Jessica L Wilkinson has published three poetic biographies, Marionette: A Biography of Miss Marion Davies (Vagabond 2012), Suite for Percy Grainger (Vagabond 2014) and Music Made Visible: A Biography of George Balanchine (Vagabond, 2019), highly commended for the Wesley Michel Wright Award. In collaboration with composer Simon Charles, Marionette was developed into a performance work of voice, music and sound; they released an album in 2018. Jessica is the founding editor of Rabbit: a journal for nonfiction poetry and the offshoot Rabbit Poets Series of single-author collections by emerging Australian poets. With Bonny Cassidy, she co-edited the anthology Contemporary Australian Feminist Poetry (Hunter, 2016); and with Cassandra Atherton, Memory Book: Portraits of Older Australians in Poetry and Watercolours (Hunter, 2021). She is an associate professor in Creative Writing at RMIT University, Melbourne.

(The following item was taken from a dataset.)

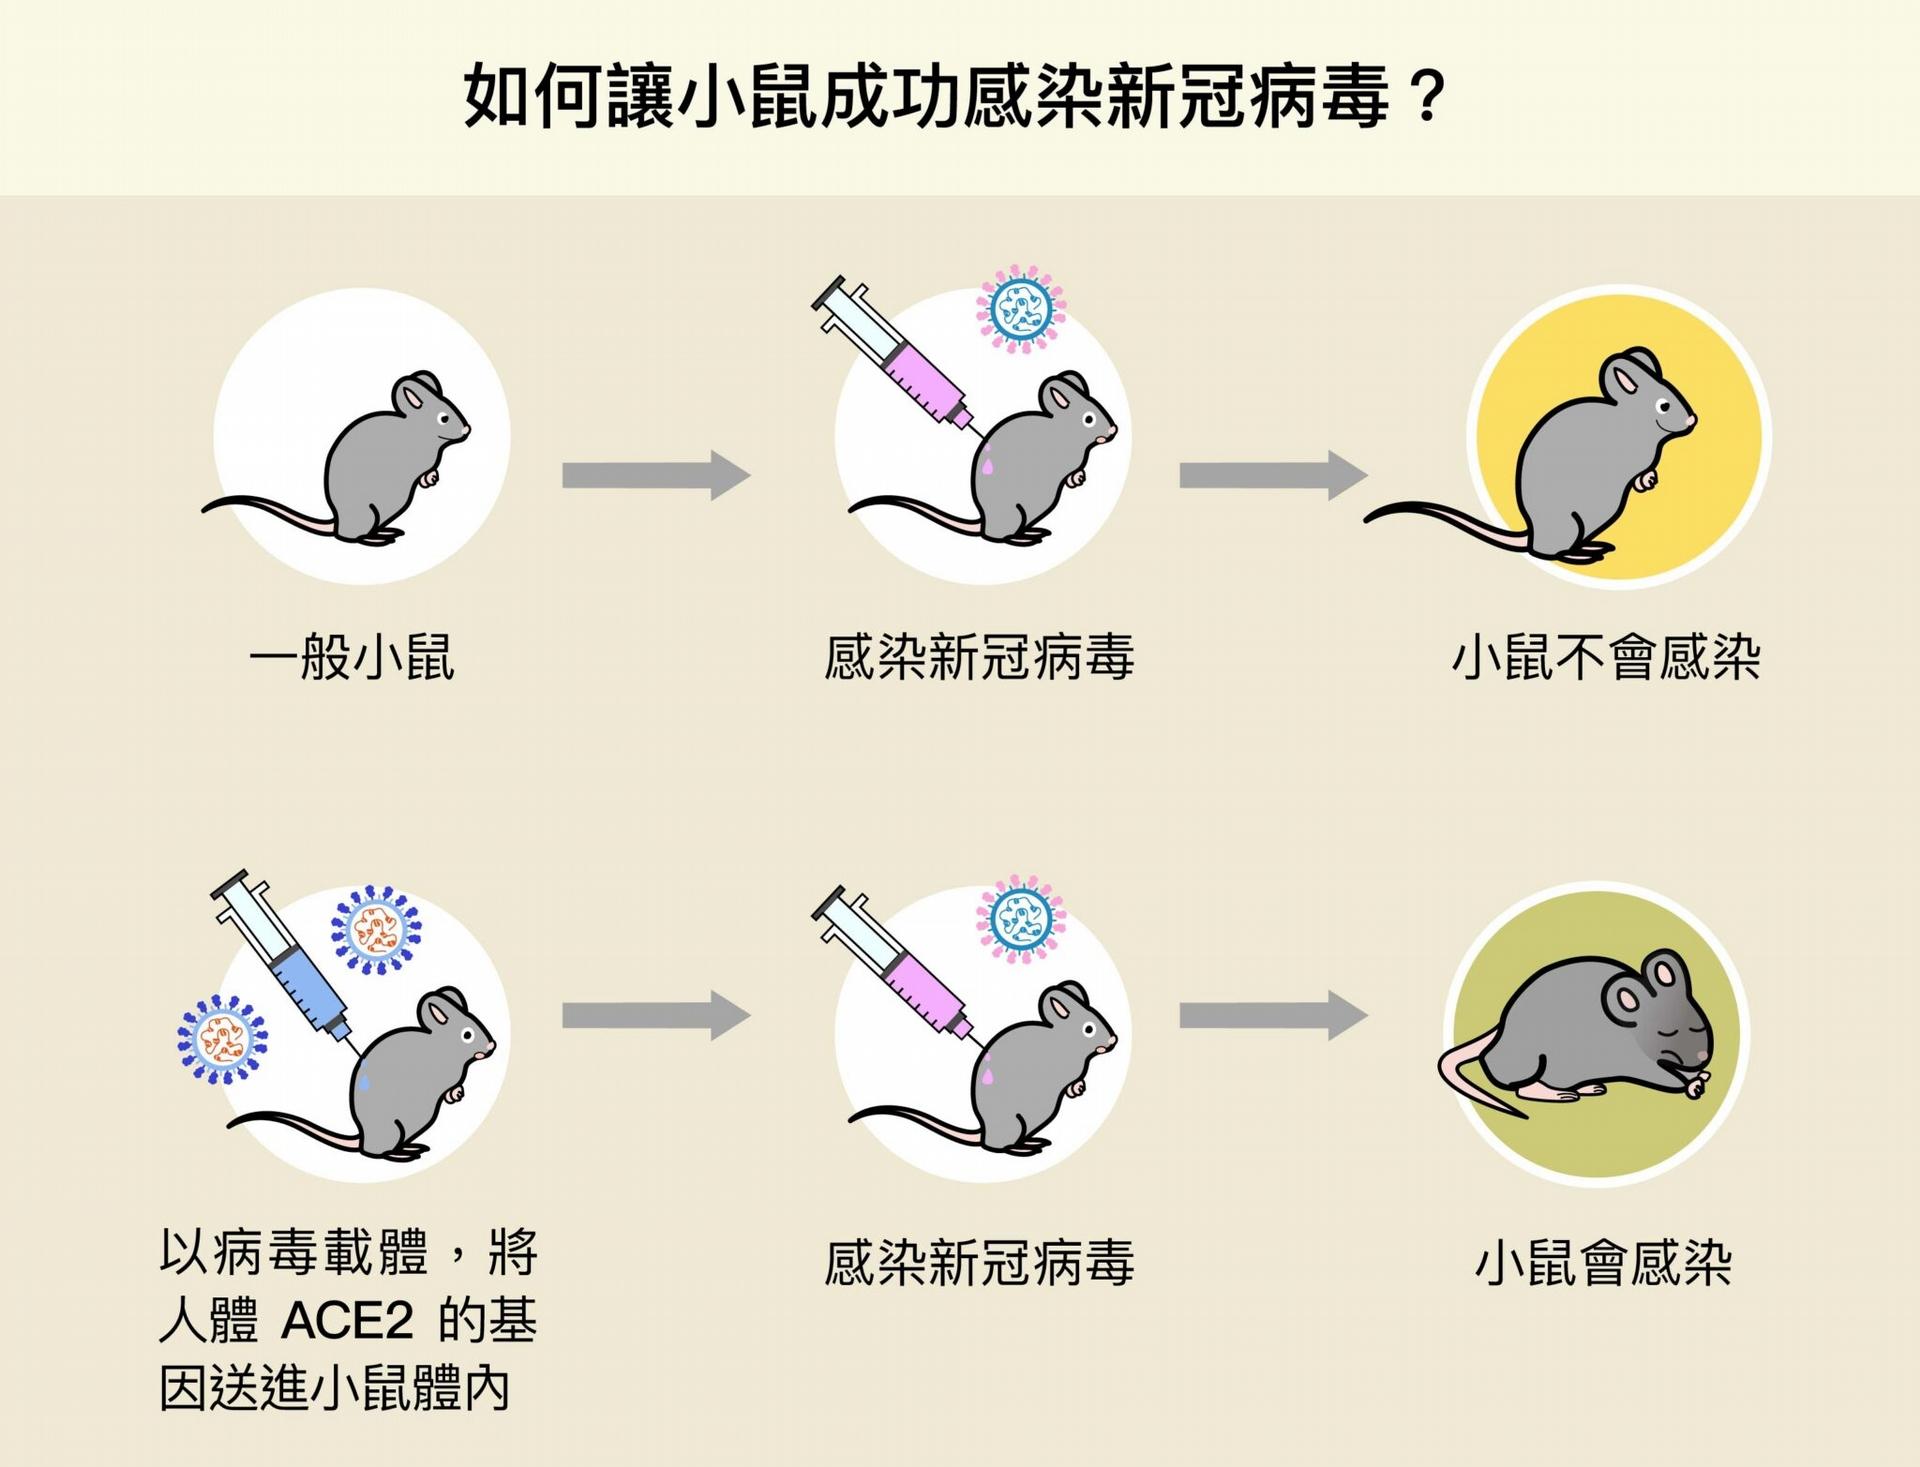 陶秘華研究員以病毒載體,將人體 ACE2 的基因送進小鼠體內,成功使小鼠細胞表現人類的 ACE2,變得可以感染新冠病毒,加速了動物攻毒實驗的進行。 圖│研之有物
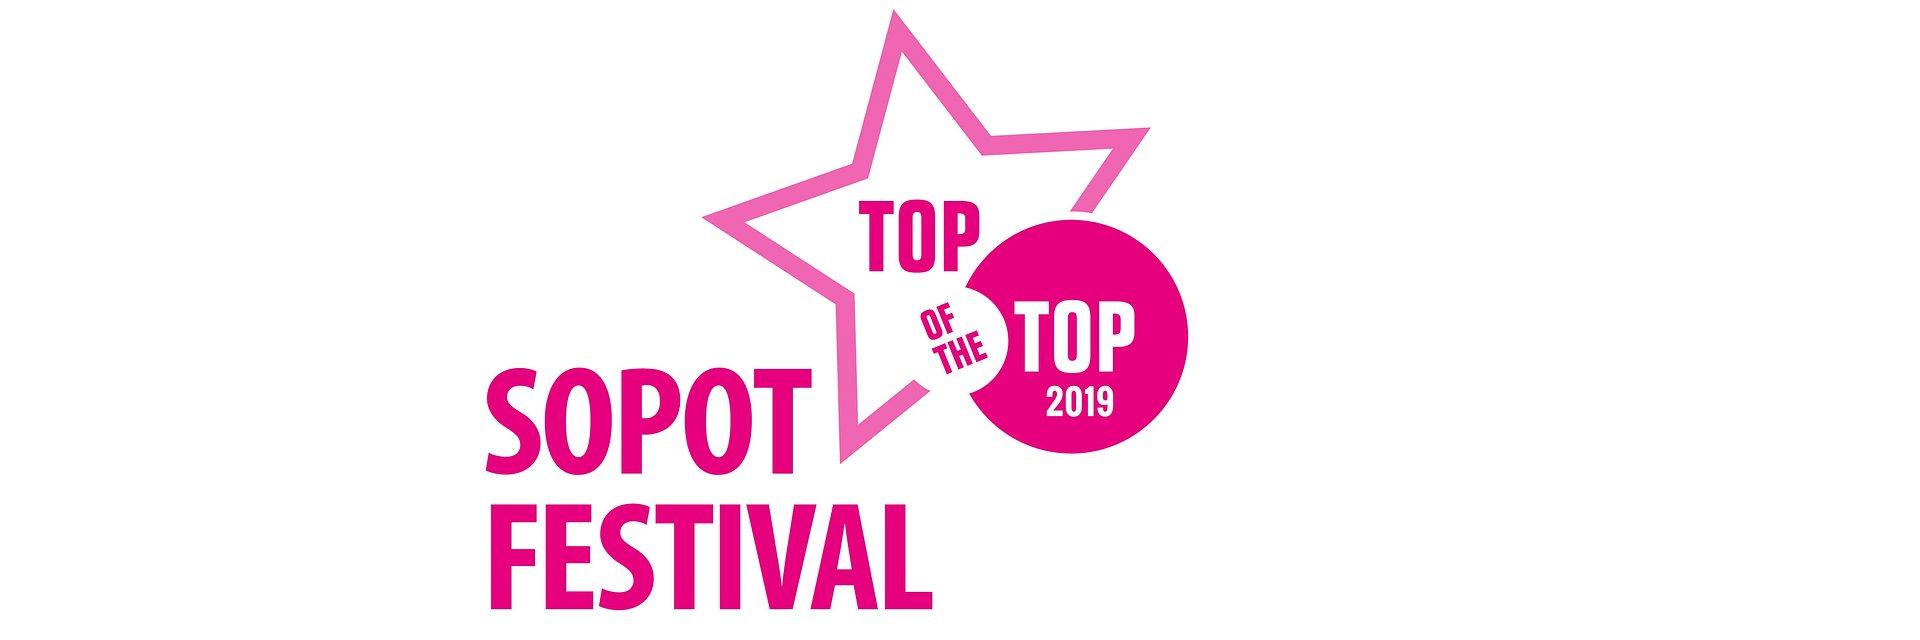 Rusza TOP OF THE TOP SOPOT FESTIVAL 2019 – muzyczne wydarzenie lata!

Tammi Jonas is an agroecologist in principle and in practice, farming heritage-breed Large Black pigs, cattle, and garlic with her bricoleur husband Stuart on the unceded lands of the Dja Dja Wurrung people in the central highlands of Victoria. She is president of the Australian Food Sovereignty Alliance (AFSA), co-editor and co-author of Farming Democracy: Radically transforming the food system from the ground up (2019), and undertaking a PhD at the University of Western Australia on the biodiverse and decolonising practices and politics of small-scale farmers, and the impacts of the state on their efforts. She is grateful to have at last fallen for a new muse, the Land, having abandoned her abusive capitalist muse a decade ago.